Shades of Dave Eggers, yes, and the jokey, self-referential mode he supremely exemplifies, found at every turn these days. But what about the stories themselves? Oddly, given the stature of The New Yorker and the immense field (one imagines) from which the editors had to choose, the stories are barely mediocre. I haven't yet mentioned Jonathan Safran Foer's "The Very Rigid Search," narrated by a Ukrainian who is serving as the guide for a young American Jewish man (who, in another dazzling stroke of self-referentiality, just happens to be named Jonathan Safran Foer: clever!) searching for a village where his grandfather lived before the war, and where he alone of the Jews in the village escaped a Nazi raid. The shtick of this story is the Ukrainian narrator's butchered English.

And finally there is "The Husbands," by Erika Krouse, told by a woman who has taken her sister's husband—among many others—as a lover. "I like to sleep with other women's husbands," the story begins. "I try not to like this. It's not a healthy thing to do, either mentally or hygienically. I see a shrink. I see a gynecologist. But then I sleep with the husbands anyway."
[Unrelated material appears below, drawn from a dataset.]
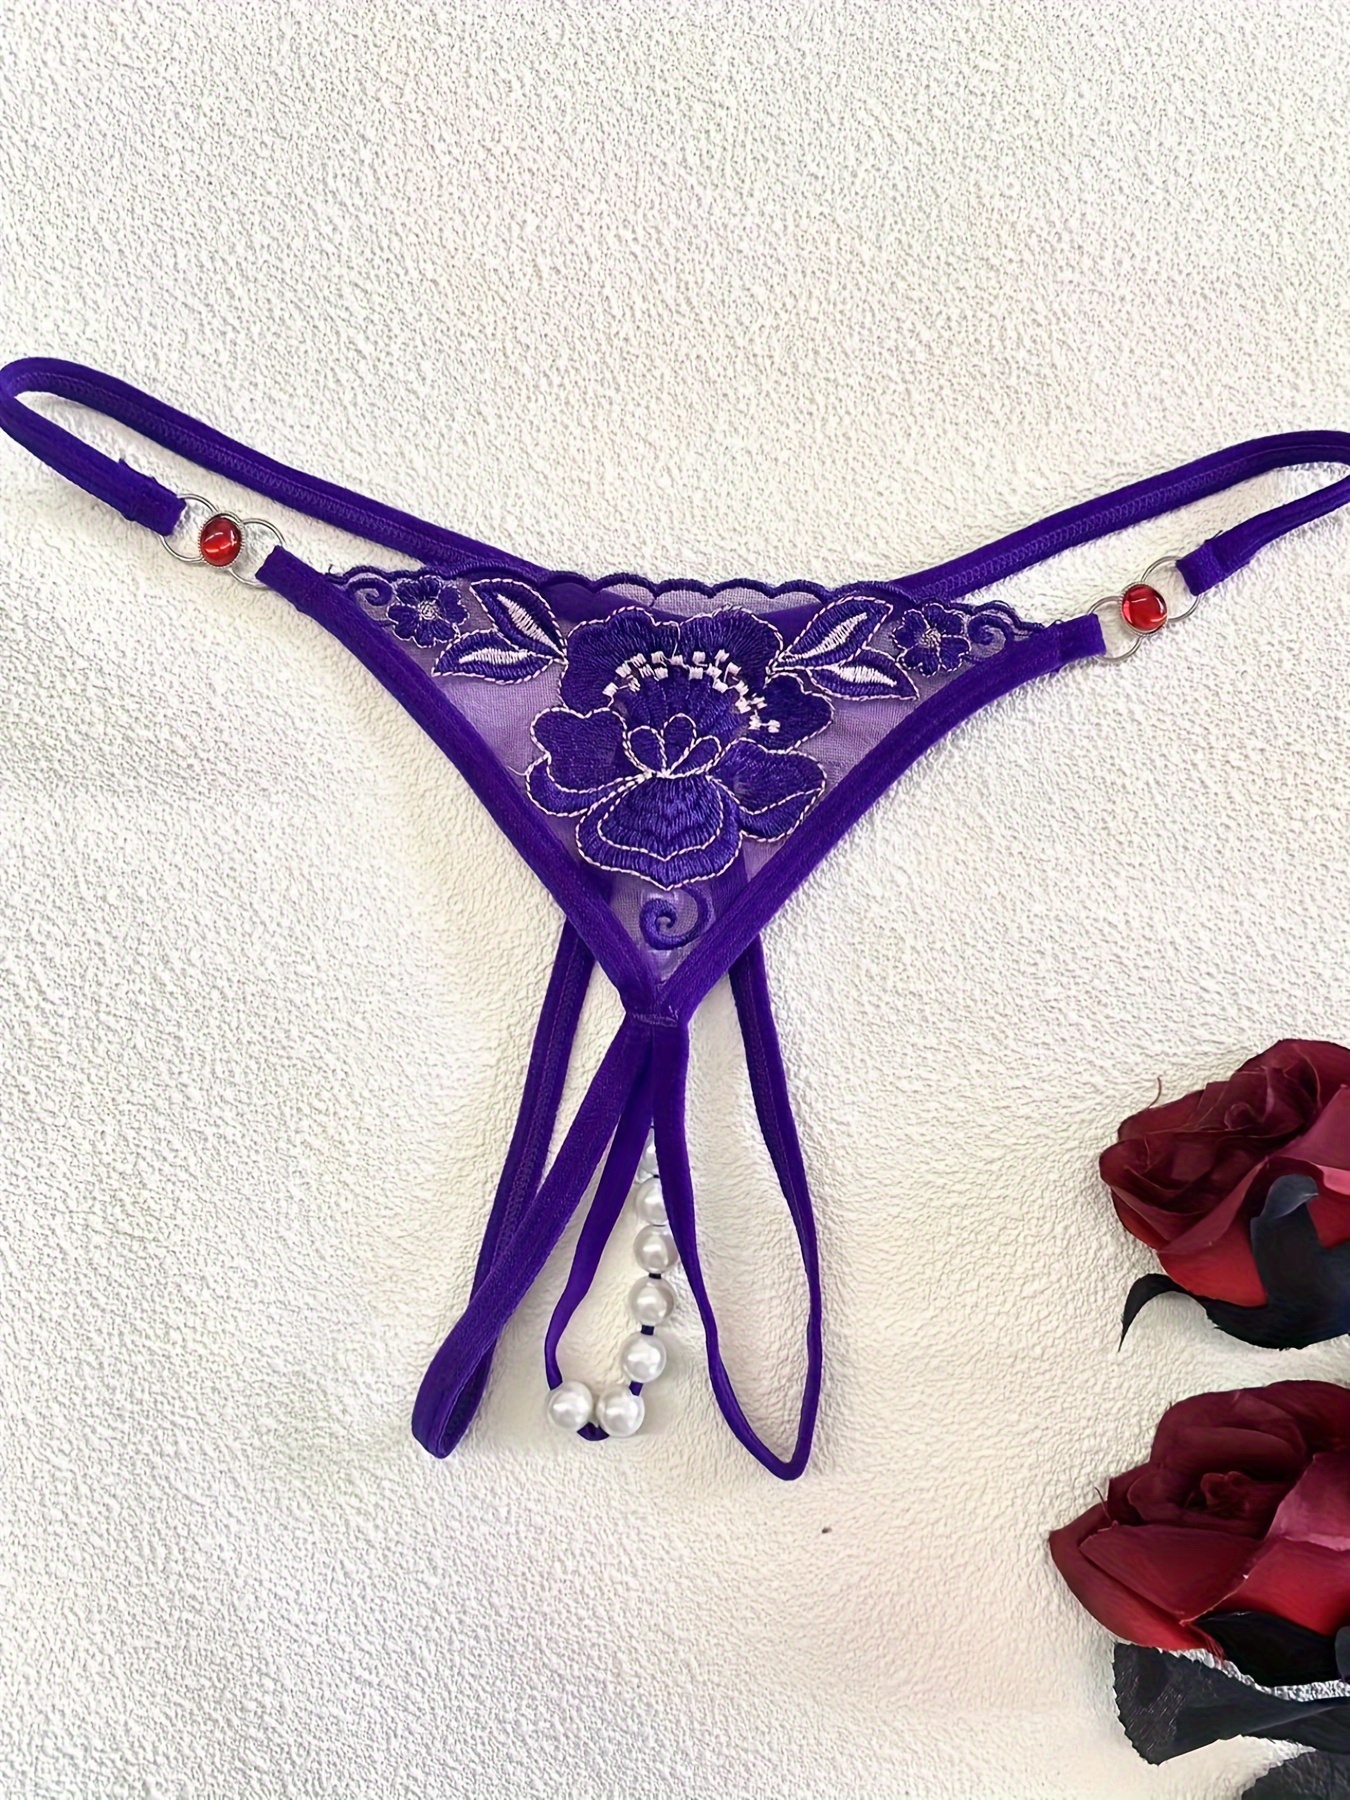 Embroidered Flower Pearl Massage Crotchless Briefs Sexy Lingerie For Women  With Open Crotch And Love Heart Design Transparent Underwear J230530 From  Sts_019, $11.4

Taken as reports from a certain narrow but influential slice of young Americans, these four stories are depressing, not only for the moral chaos they take for granted but for the slackness of the tellling. They could be brutal or tender, of the Devil's party or God's, funny or not—they could be anything you like, but to work as fiction they would need to have qualities that these four stories conspicuously lack, beginning with a feel for the heft and rhythm of words.